Our engine instead uses a bounding volume hierarchy (BVH), which looks like this:

This demo doesn't show the full hierarchy since it would be too messy, but the algorithm works by subdividing the world into smaller and smaller boxes. We first check if an object overlaps the top box. If it does then we check if it overlaps any of its children until we get all the way down to an actual, tangible object. The hard part of this scheme is deciding the best way to divide up everything.

I decided to compare the different construction methods for evaluation time and BVH quality. I've listed the performance values below, but without going into the exact differences, the method I decided to go with involved:

1.Pick a point in each object's AABB. I went with the minimum vertex to keep things simple.
2.Compute a parent AABB containing all of these points.
3.Find the axis with the largest max[axis]-min[axis] in the parent AABB.
4.Find the midpoint (min[axis]+max[axis])/2 and split objects by whether their AABBs are above or below this value.
5.Continue subdividing each side.

I call this the center split method. Other common methods involve splitting by surface area of the child AABBs, or sorting them by Morton codes and building the tree from the bottom up.

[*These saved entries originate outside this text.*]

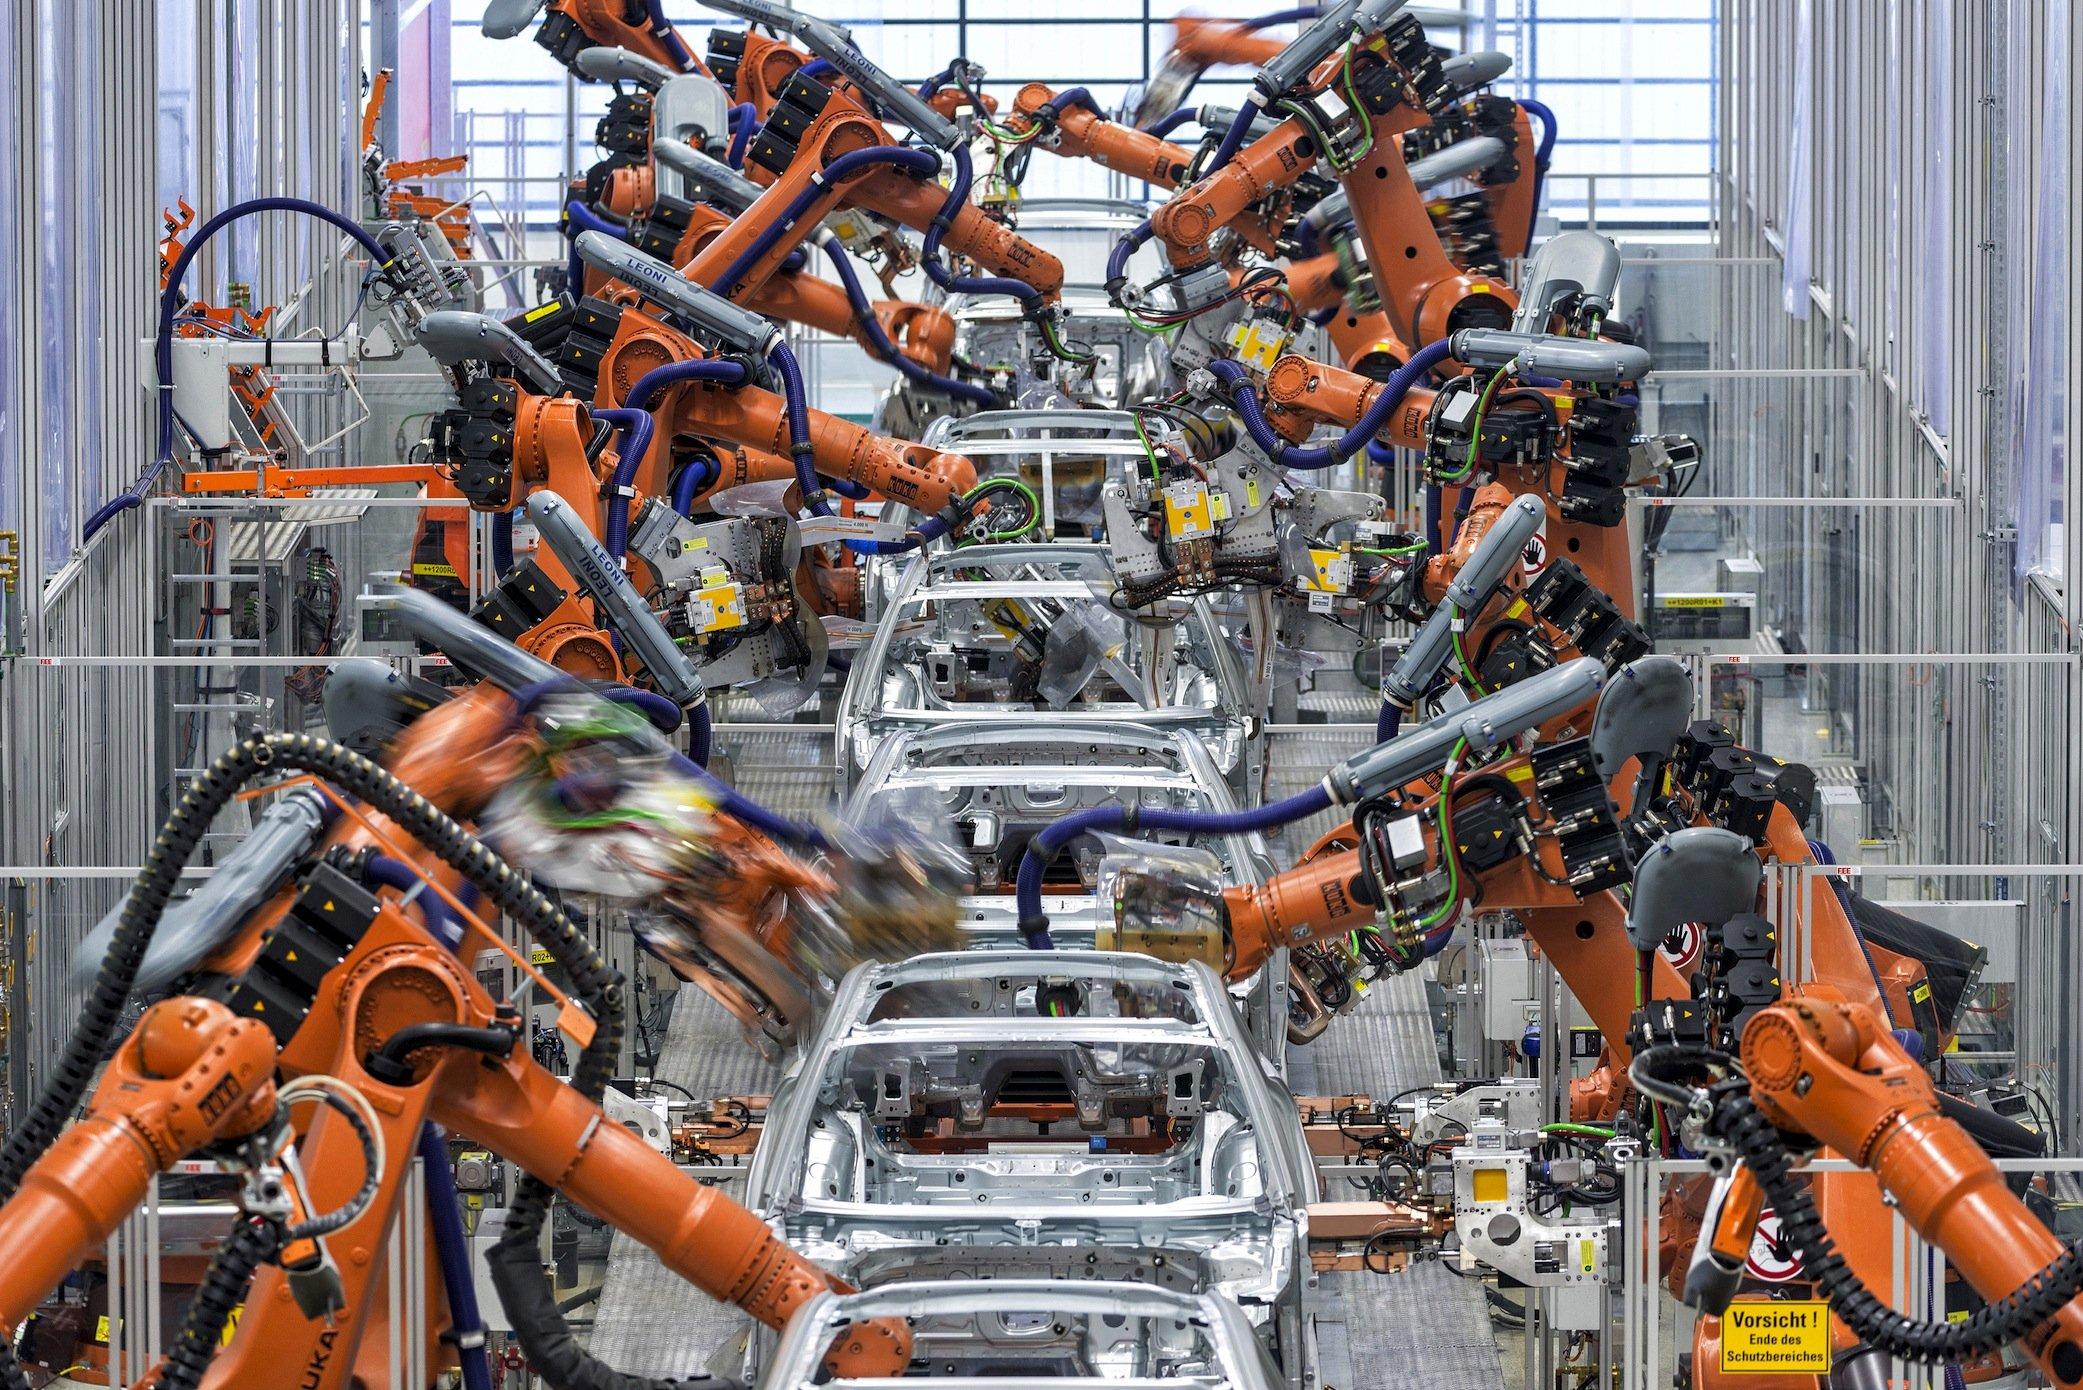 Karosseriefertigung im Audi-Werk in Ingolstadt: Jetzt ist auch Audi in den Skandal um manipulierte Dieselmotoren verwickelt. Der bei Audi entwickelte 3-l-Turbodiesel, der die Modelle Audi Q7 und A8, VWTouareg und Porsche Cayenne antreibt, verfügt über eine Manipulationssoftware.
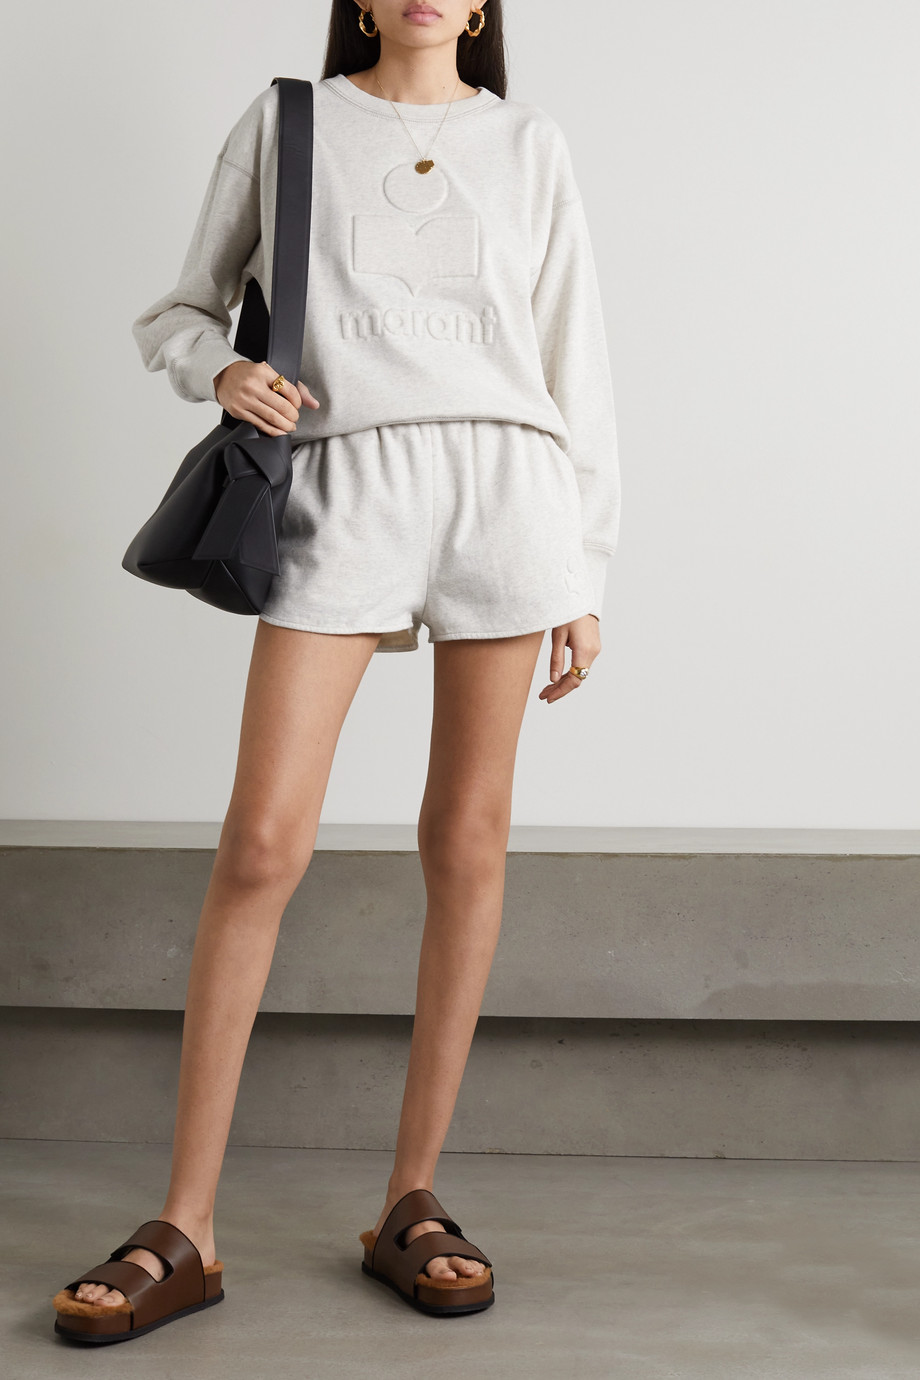 Isabel Marant Étoile Mobyli Sweatshirt aus Jersey aus einer Baumwollmischung mit Prägung
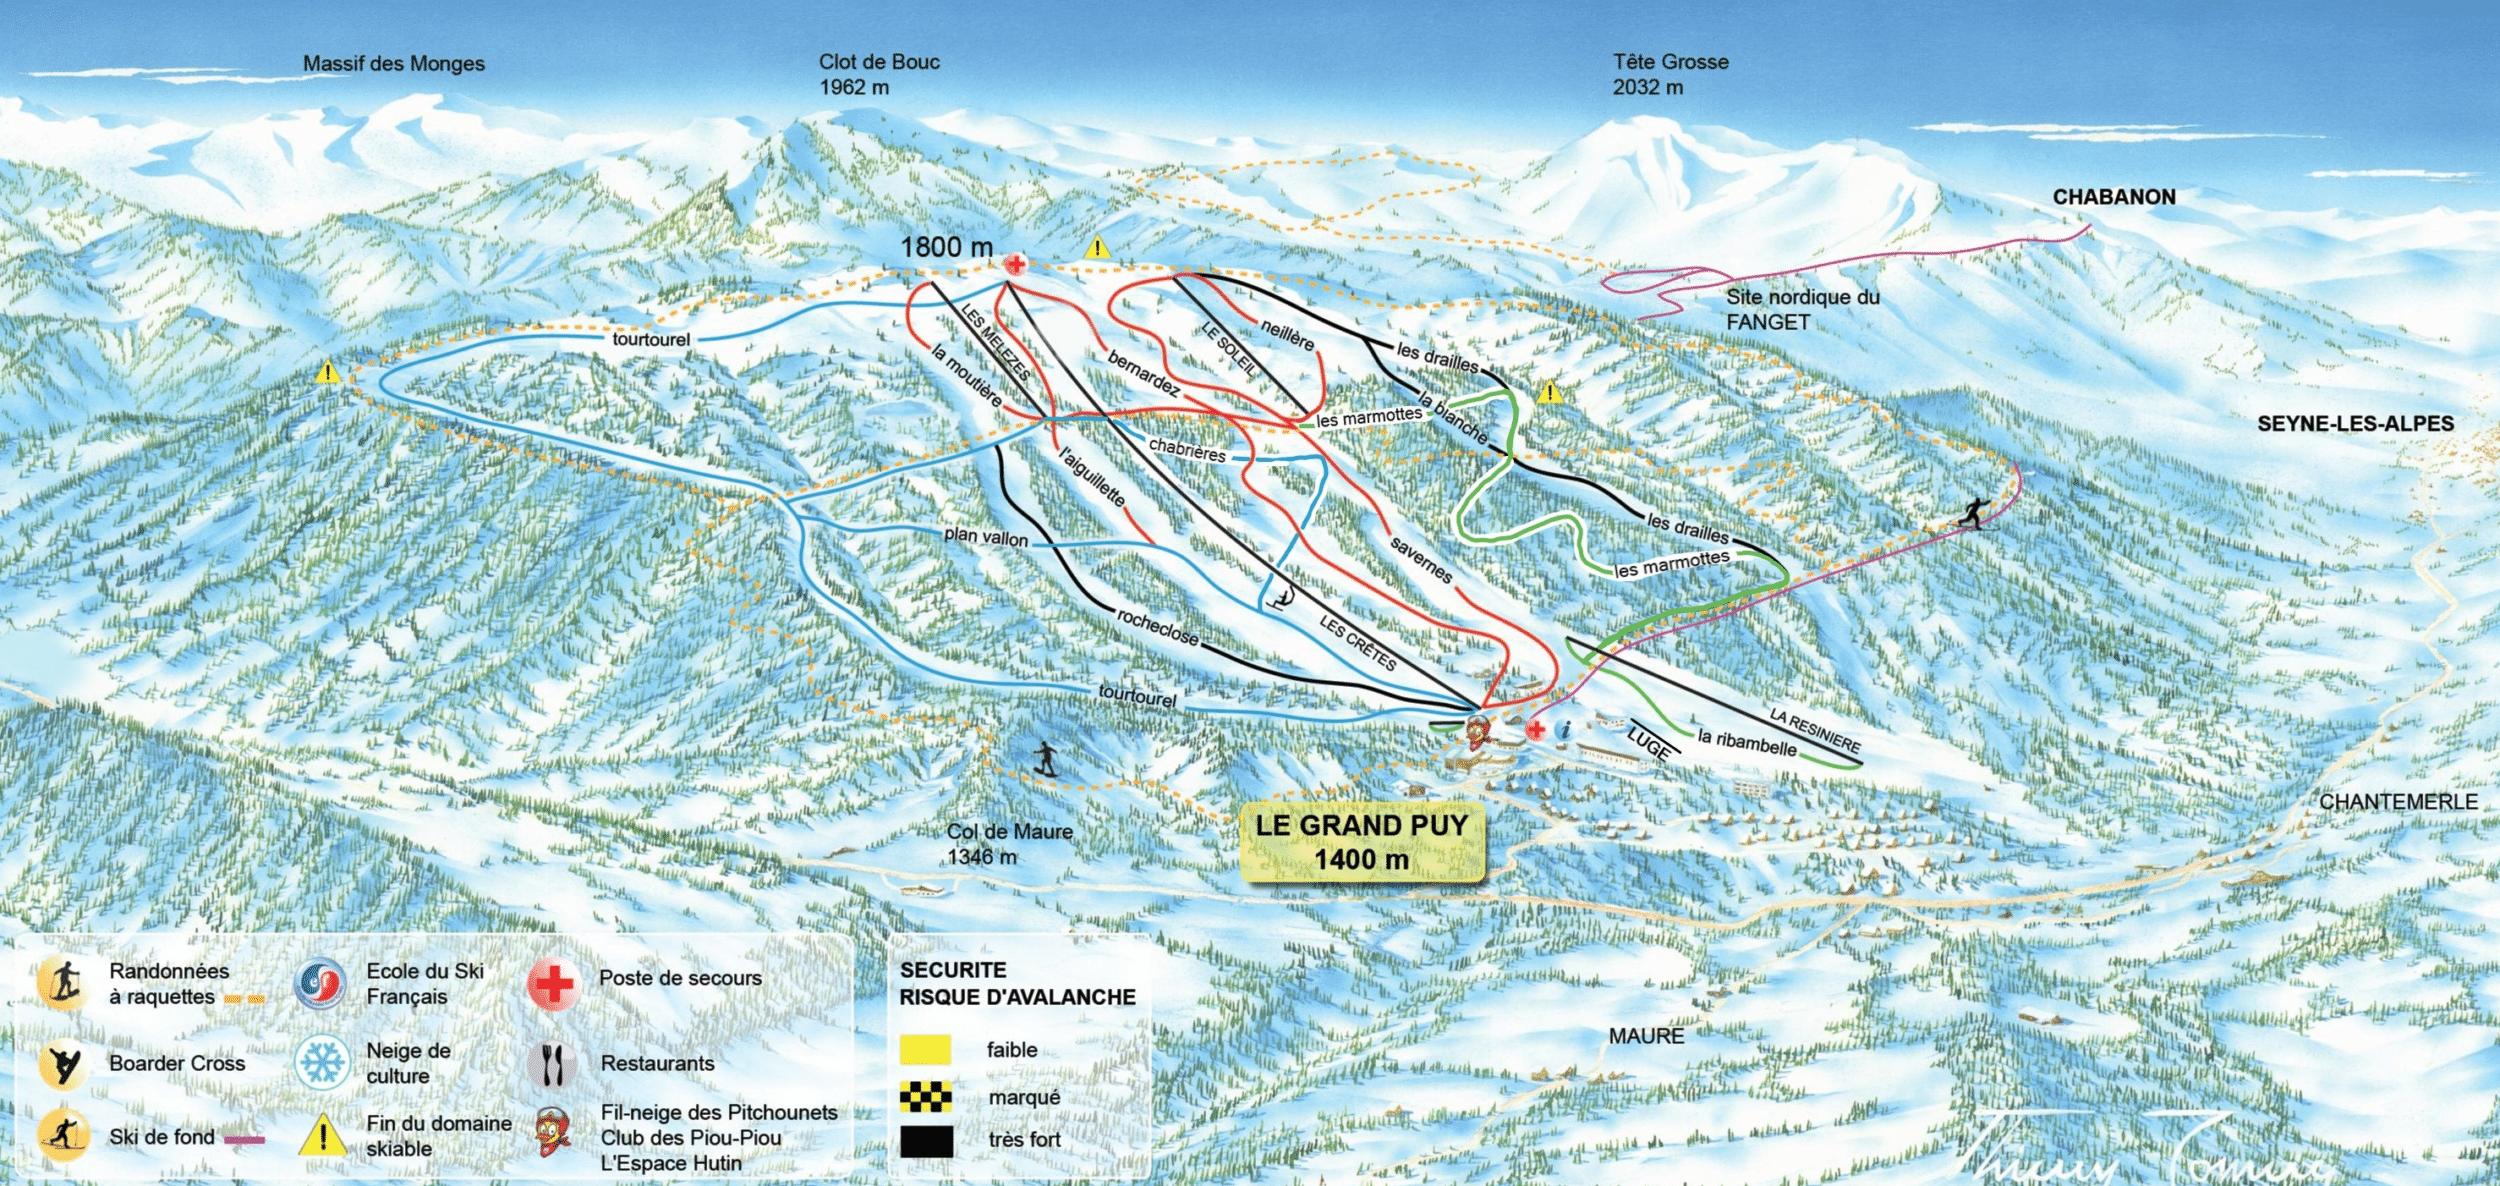 La Grand Puy - Plan des pistes de ski

The next thing to look at was traversing the BVH during collision checks. In javascript, every array access is treated as an affront to god and punished just as harshly, so anything that could help accesses would pay dividends. To speed up traversal, we'll flatten the tree.

Flattening a tree involves rearranging it in memory so parents and siblings are nearby to each other in physical memory. In our case, the tree was arranged so the left child would immediately follow a parent. The right child would come after the left child and all its children. This is what it looks like compared to a tree arranged top to bottom in memory:

Top-to-bottom Flattened 1 1 .' '. .' '. .' '. .' '. 2 3 2 5 / \ / \ / \ / \ 4 5 6 7 3 4 6 7

Notice that differences between child - parent values in the top-to-bottom tree sum to 15, while it's only 11 in the flattened tree.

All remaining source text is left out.